CHL had completed general risk assessments for various flight operation types, including external load operations and VFR operations. [However] no specific risk assessments had been completed for flight operations into any of the microwave tower sites.
CHL did not provide any formal [single-pilot resource management] SRM training…
CHL uses a Flight Hazard Index card, which considers a series of human factors and flight operation conditions, to assess the level of risk associated with a particular flight.
The pilot calculated the risk score prior to the occurrence flight and assessed the total risk score to be low. The [TSB] investigation [also] assessed the level of risk using the Flight Hazard Index card; the total risk score was low. [However] the company Flight Hazard Index card does not include a flight operations condition for landing site hazards.

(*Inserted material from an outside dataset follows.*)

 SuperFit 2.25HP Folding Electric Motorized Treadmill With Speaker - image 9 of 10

There was no indication of mechanical or system failure during the occurrence flight, and fatigue, incapacitation or physiological factors did not affect the pilot’s performance.

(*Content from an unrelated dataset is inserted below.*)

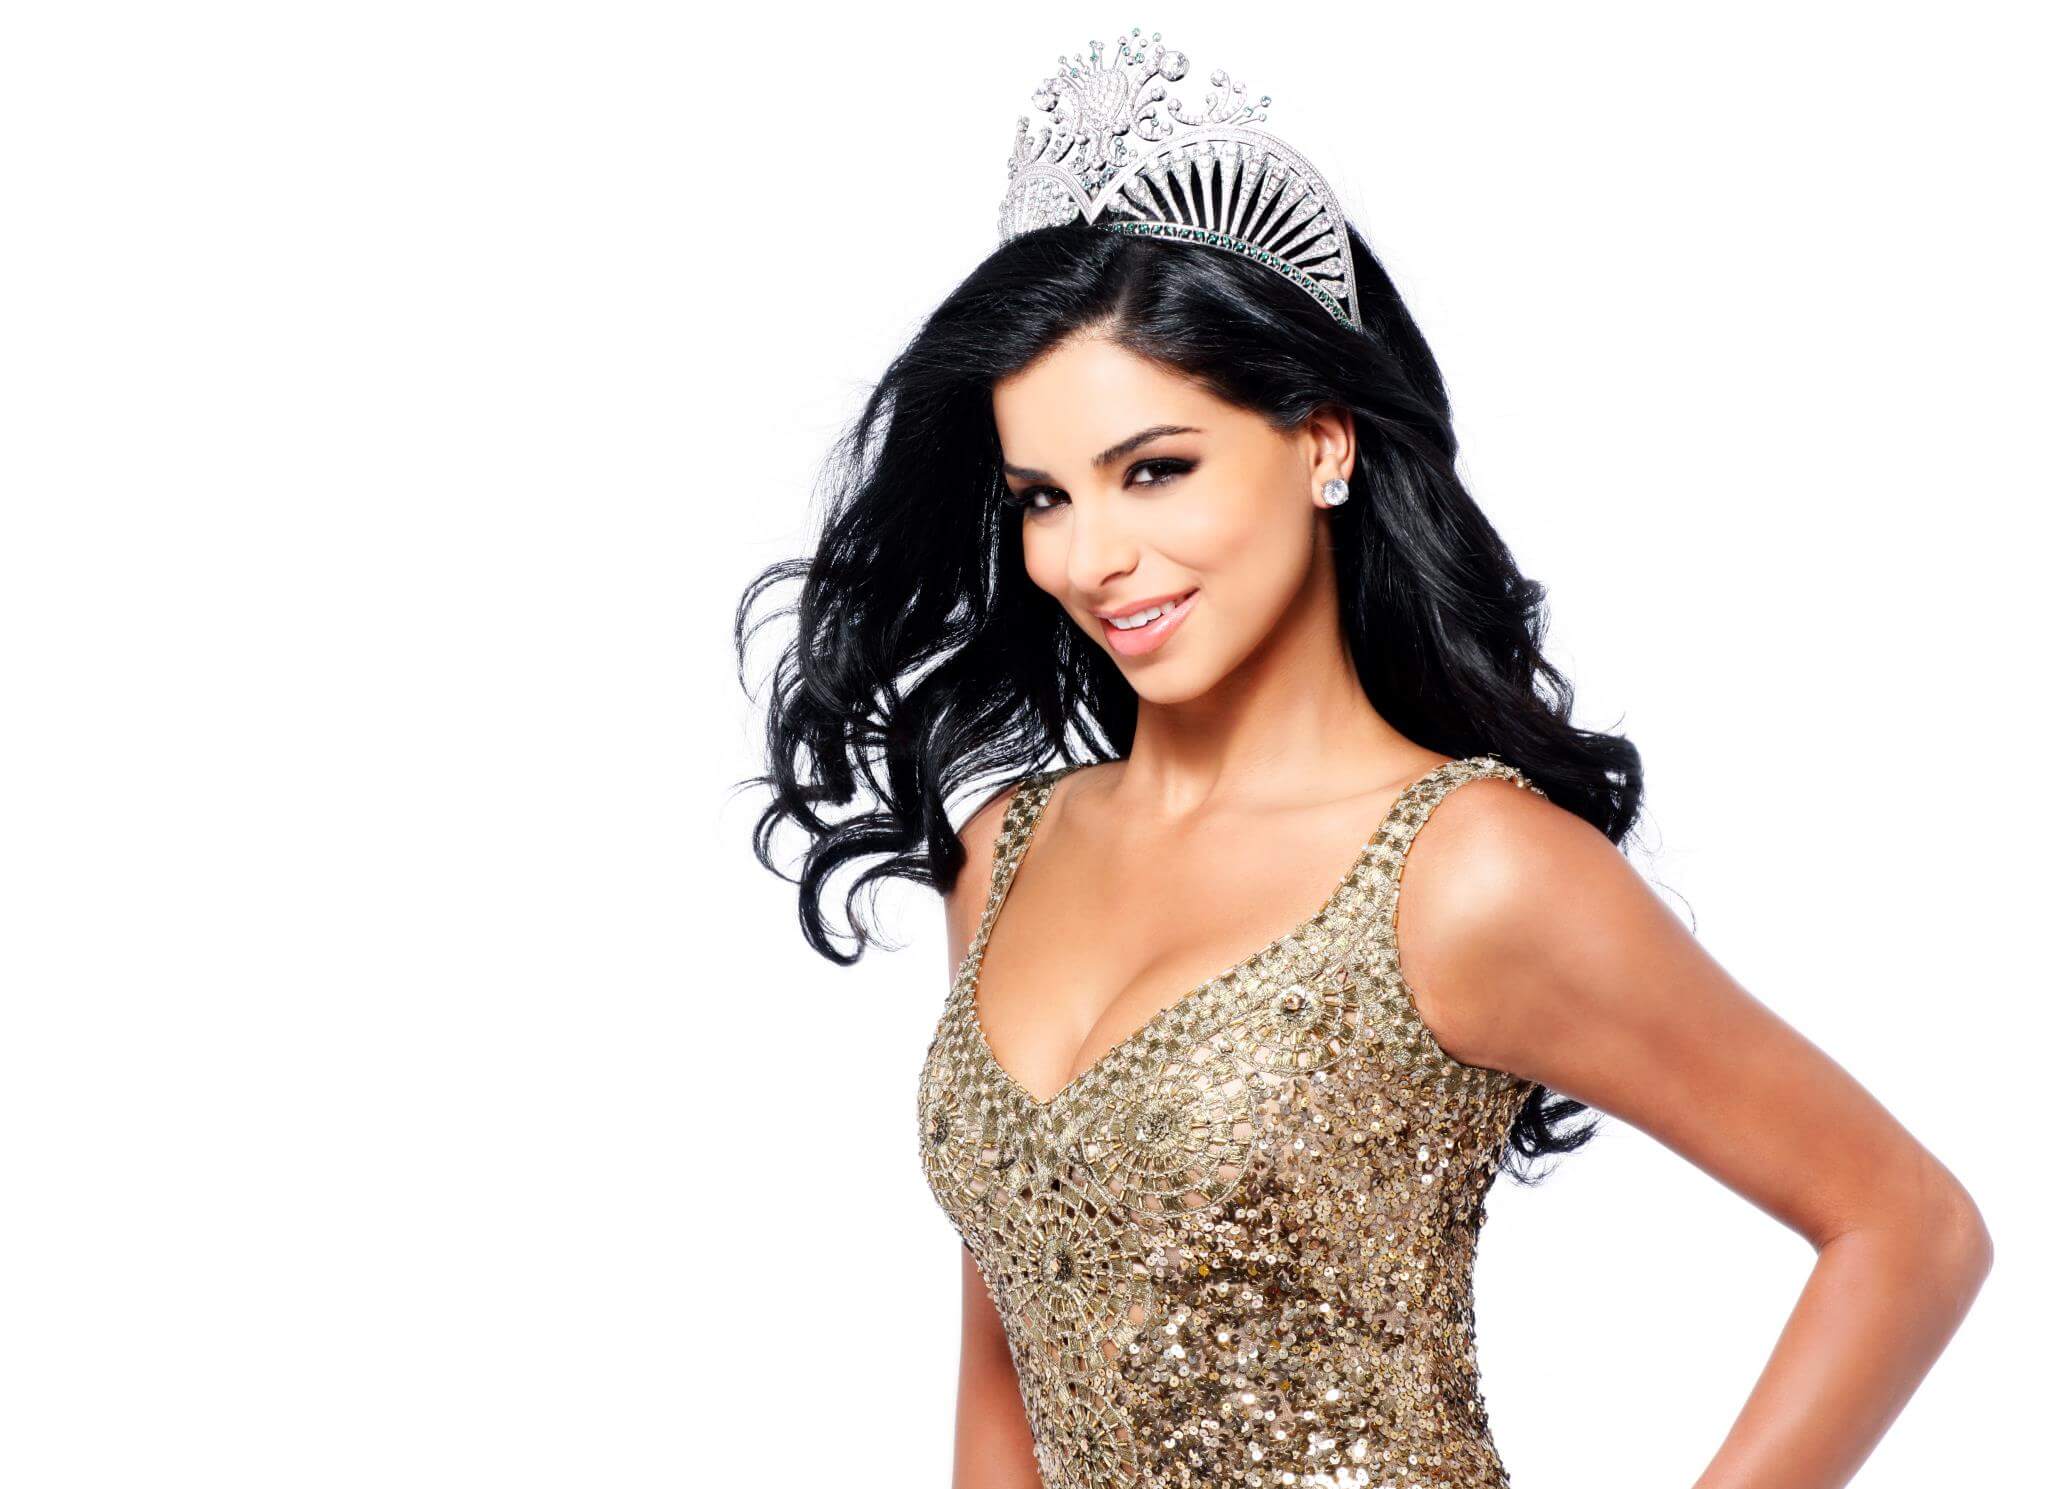 Rima Fakih Wiki, Biography, Age, Model, Family, Images.

In relation to the wirestrike:
The pilot flew to microwave tower sites regularly and was accustomed to the presence of guy wires at these sites. The pilot had previously flown to the Moliak site and was aware of the proximity of the guy wires to the helipad. On the occurrence flight, the pilot did not note the outer guy wires and did not include them in the departure plan. The pilot performed a visual scan before departure; however, the visual scan was not effective in perceiving the outer guy wires. The pilot’s scan had been interrupted, which may have compromised the scan.
To be situationally aware, a pilot has to be aware of what is happening around them in order to understand how information, events, and the pilot’s own actions will impact their goals and objectives in the future—in this case, to achieve a successful takeoff. Both the routine scan and the interruption while performing the visual scan would reduce the level of the pilot’s attention, thereby contributing to degraded situational awareness. The pilot’s lower level of attention while conducting a routine flight led to an ineffective visual scan resulting in degraded situational awareness.
Company pilots depart the Moliak site to the south or southwest to remain clear of obstructions. However, on the occurrence flight, the pilot did not follow this practice and was not aware of the obstructions until being alerted by the contractor. It is also possible the pilot reverted to the normal practice of taking off directly into the wind. The helicopter struck the guy wires before evasive action could be taken, which caused the helicopter to roll rapidly and impact the ground.
During the pre-takeoff visual scan, the pilot was interrupted by a non-operational communication. This type of activity can be a distraction and can affect a pilot’s operational attentiveness during a critical phase of flight.
TSB Findings as to Causes and Contributing Factors
- The pilot did not note the outer guy wires and did not include them in the departure plan.
- The pilot performed a visual scan before departure; however, the visual scan was not effective in perceiving the outer guy wires.
- The pilot’s scan had been interrupted, which may have compromised the scan.
- The helicopter struck the guy wires before evasive action could be taken, which caused the helicopter to roll rapidly and impact the ground.
- The contractor’s shoulder belt was found to be misrouted under his left arm, which allowed his upper body to move outside of the cabin in the accident sequence and contributed to his fatal injuries.
TSB Findings as to Risk
- If the emergency locator transmitter signal is not transmitted in a timely manner, then rescue operations could be delayed, increasing the risk that survivability could be compromised.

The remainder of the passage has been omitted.